At the start of the week I had a bird survey to do northeast of Penrith and Gail came along with me. It was in some plantation woodland again, but part of this site is one of my favourites as it does hold a few birds. The first few woodland compartments that we surveyed were thin on the ground bird-wise, but it improved as we went on. This part of Cumbria is good for Redstarts and we could hear at least two singing off site as well as two Song Thrushes.

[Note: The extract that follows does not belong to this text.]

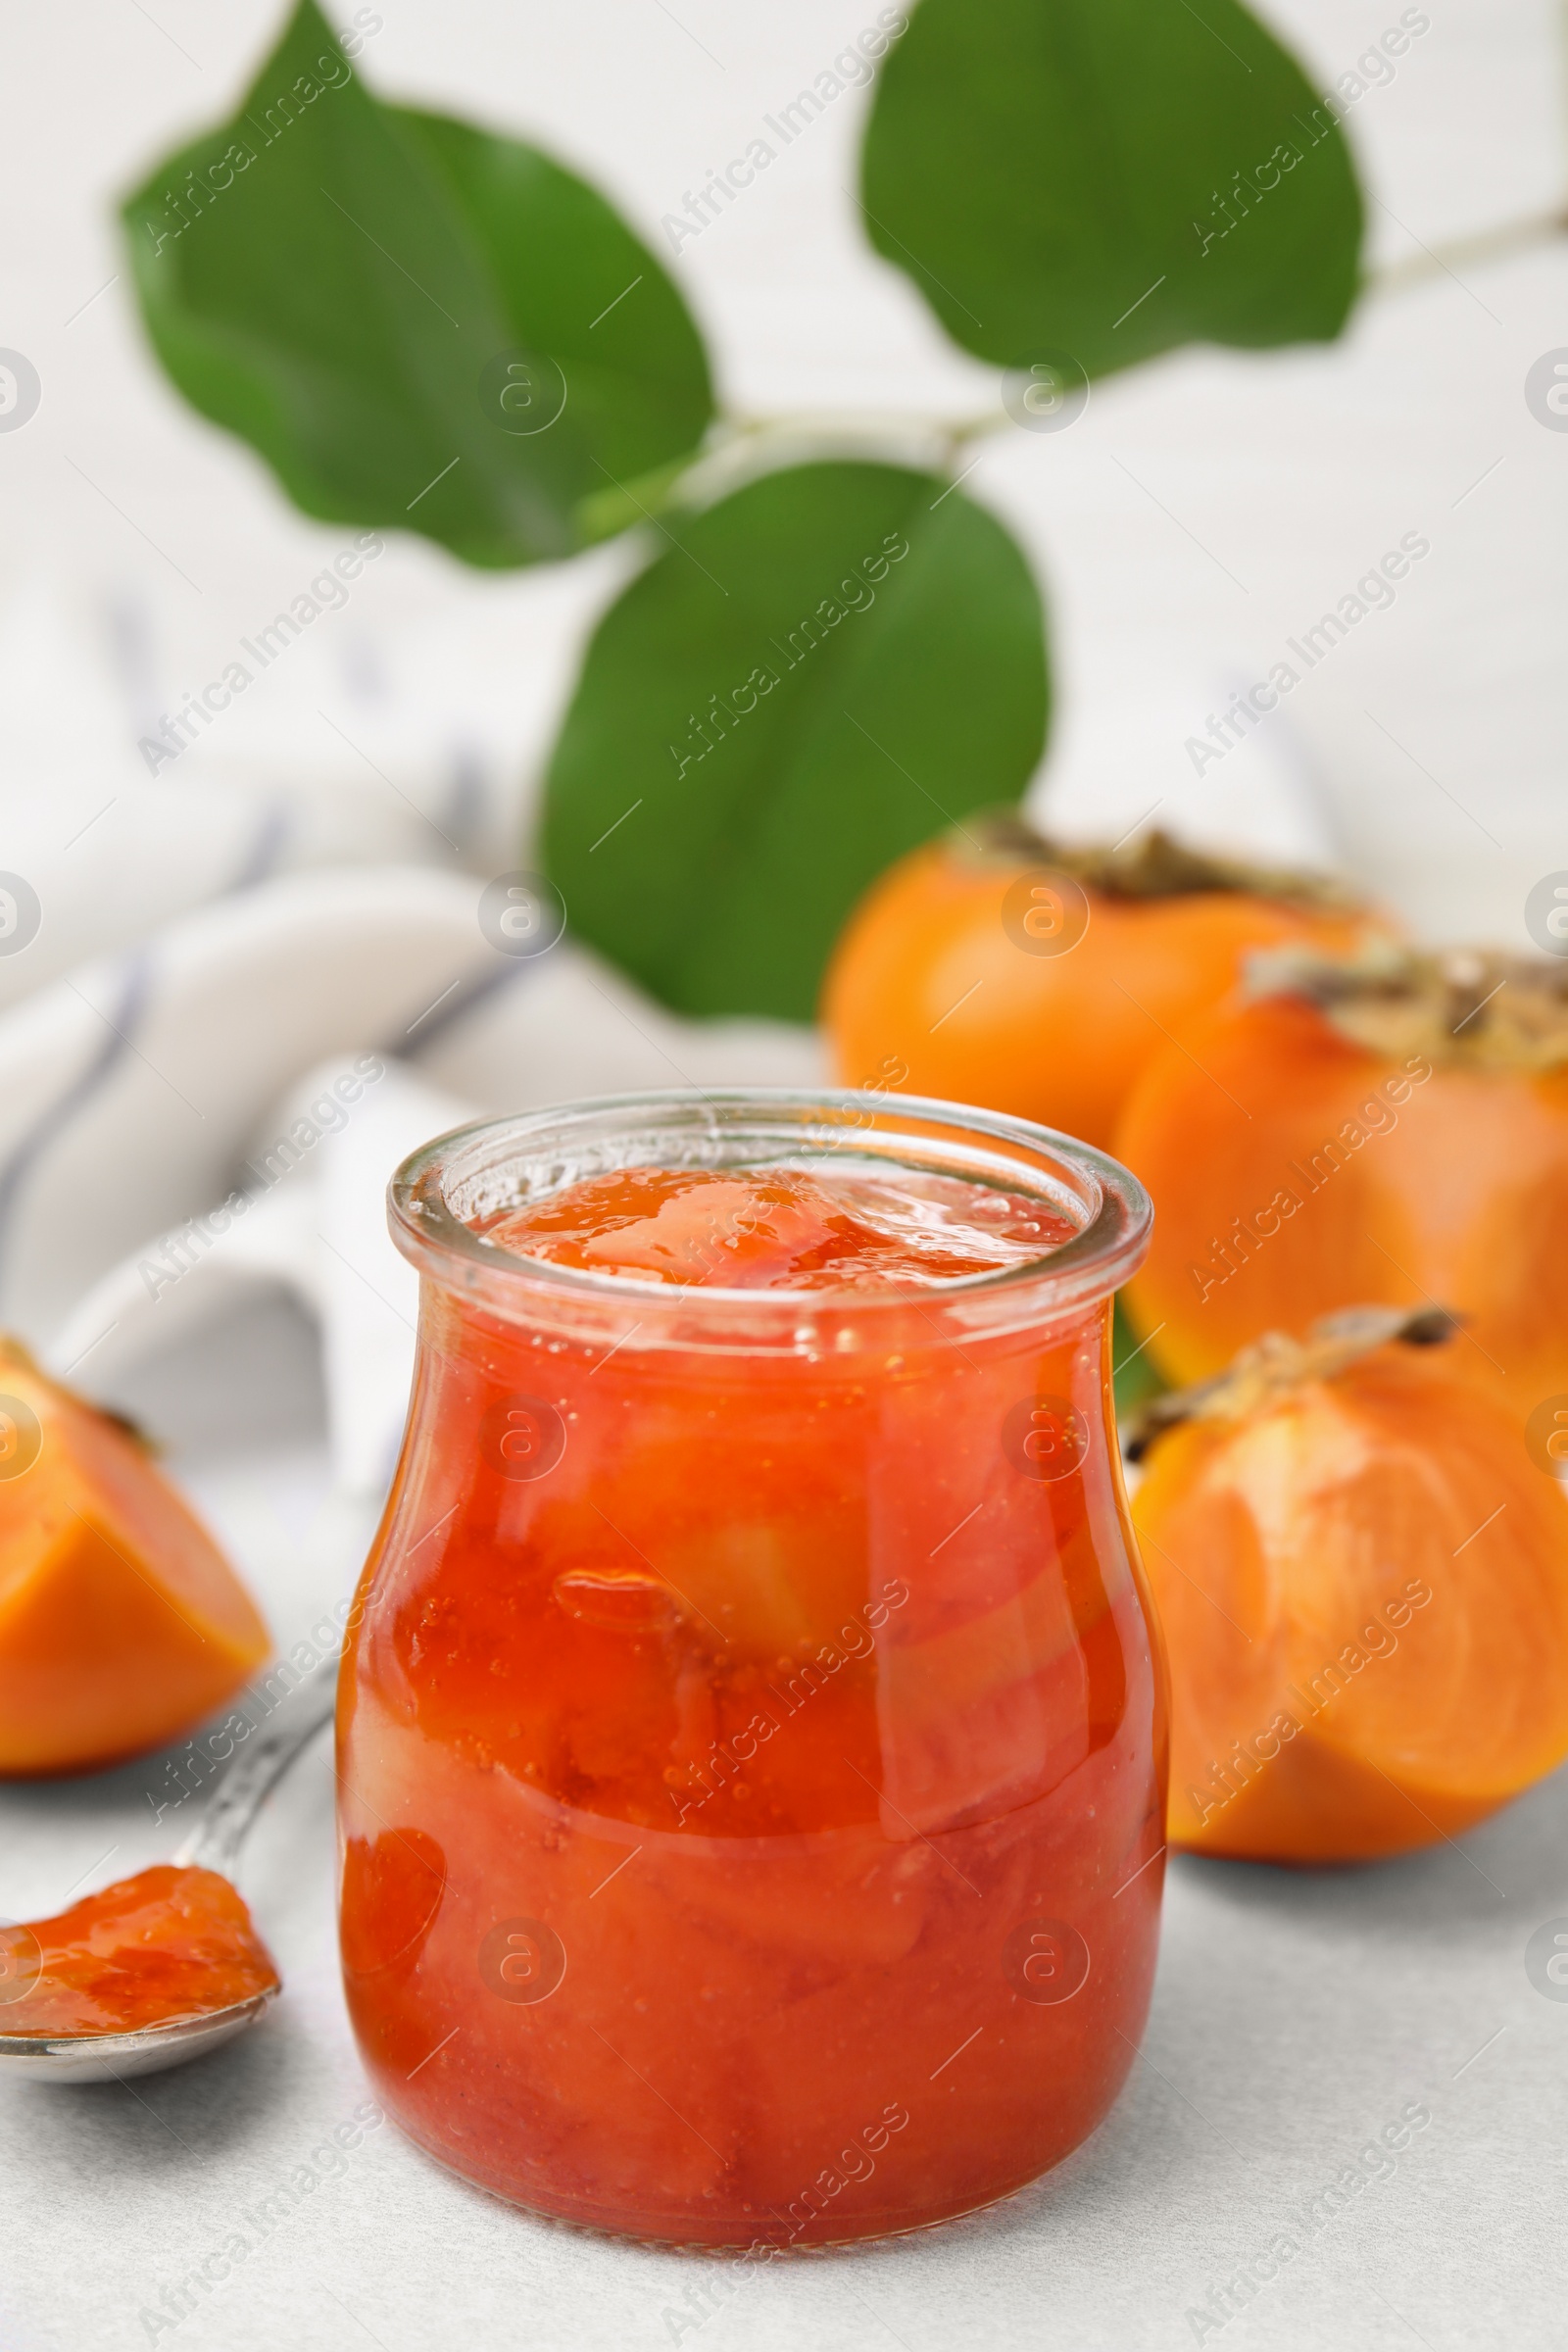 Photo of Jar of tasty persimmon jam and ingredients on white table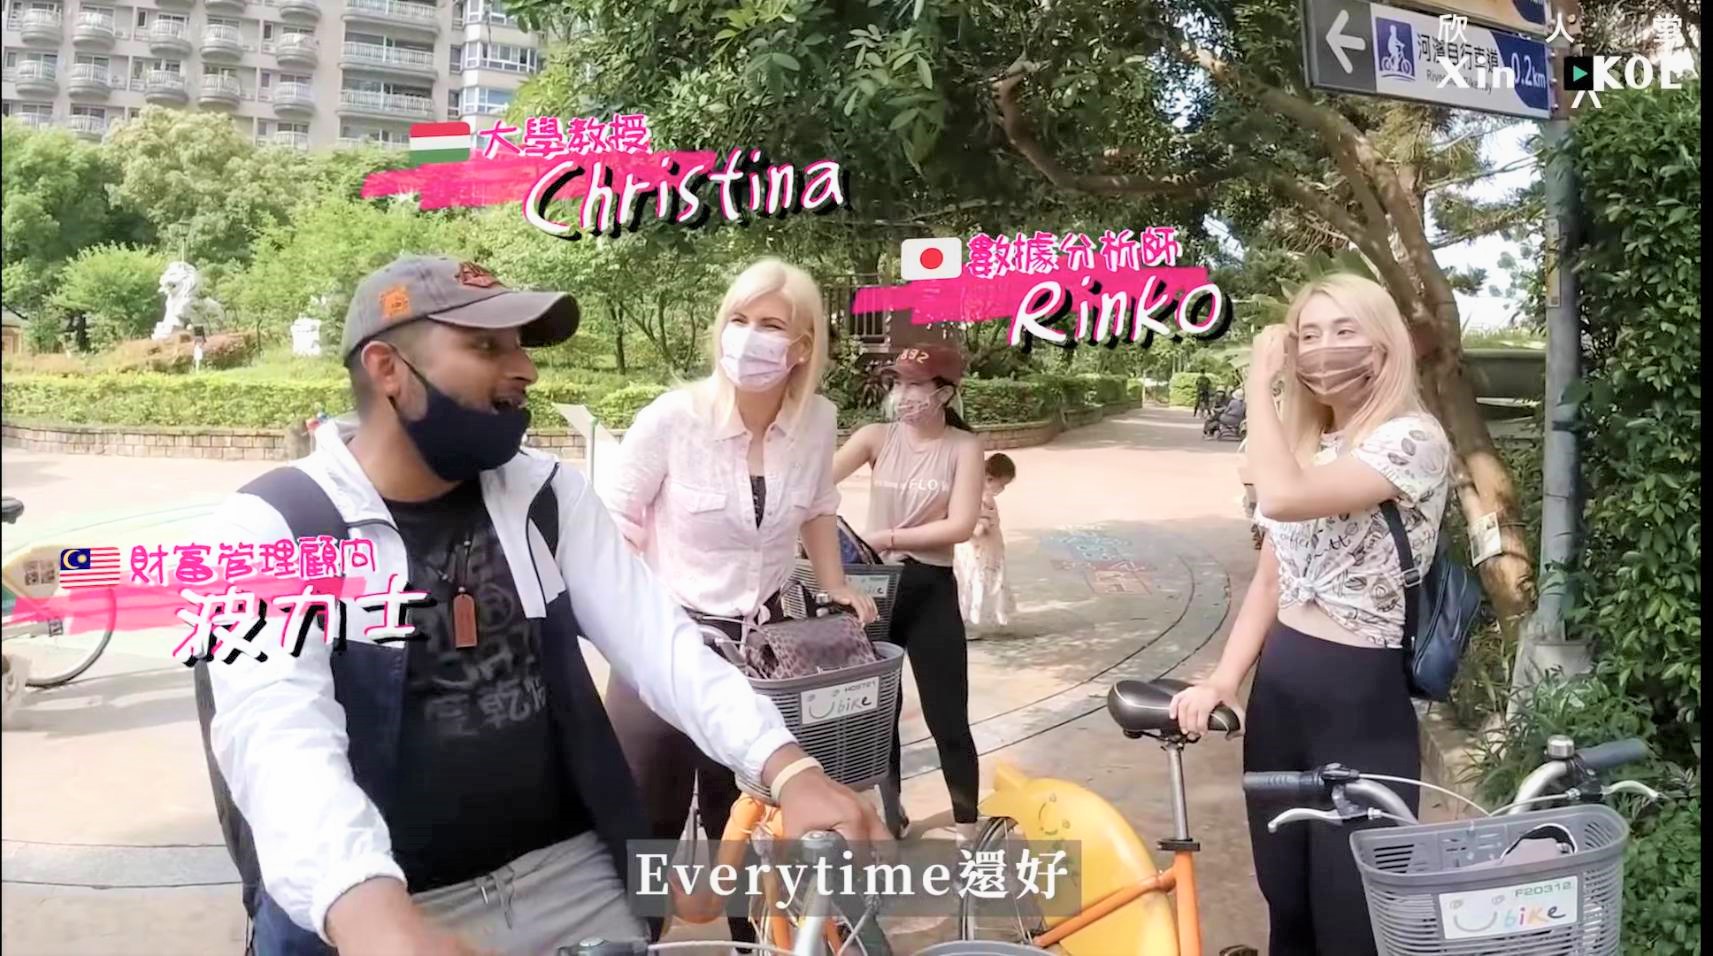 The four YouTubers go cycling around the riverbank of Bitan    （Photo／Authorized & Provided by老外在幹嘛）

There are six woodland compartments that I survey at this site varying from very small indeed up to about 3 ha in area. The last three compartments are the best and I'll call them compartments one, two and three for the sake of this blog post. Compartment one held a singing Sedge Warbler (there's a nice wet area in this compartment), two Willow Warblers and a pair of Bullfinches. This was only the second time that I had recorded Bullfinches at this site in the four years I have been doing these surveys, and the first time in this particular compartment. The second compartment was unusually quiet with only a single singing Willow Warbler of note.
Alongside compartment three is a smallish area of conifer woodland with some broad-leaves around the edge. For the past four years Buzzards have successfully nested in this woodland and each year the nest gets bigger as the birds carry out repairs and add to it. I try not to get too close, but I did notice what I assumed was the female quietly slip off the nest.
We had a pair of Tree Sparrows in this compartment and actually witnessed them mating! Only one singing Willow Warbler, but we did have a stunning male Redstart. Not that this male was particularly stunning, all Redstarts are stunning! It made me think that this compartment is crying out for some nest boxes and I have fed this back to the owner.
I then took Gail out for breakfast and after that we headed to the English Heritage property of Clifton Hall. Close by the last battle to be fought on English soil was fought at Clifton Moor in 1745 when the Jacobites returning from Derby were engaged by English forces. Gail's passion is history, so it's always a pleasure to visit an English Heritage or National Trust property, and after Clifton Hall we visited the National Trust property of Acorn Bank.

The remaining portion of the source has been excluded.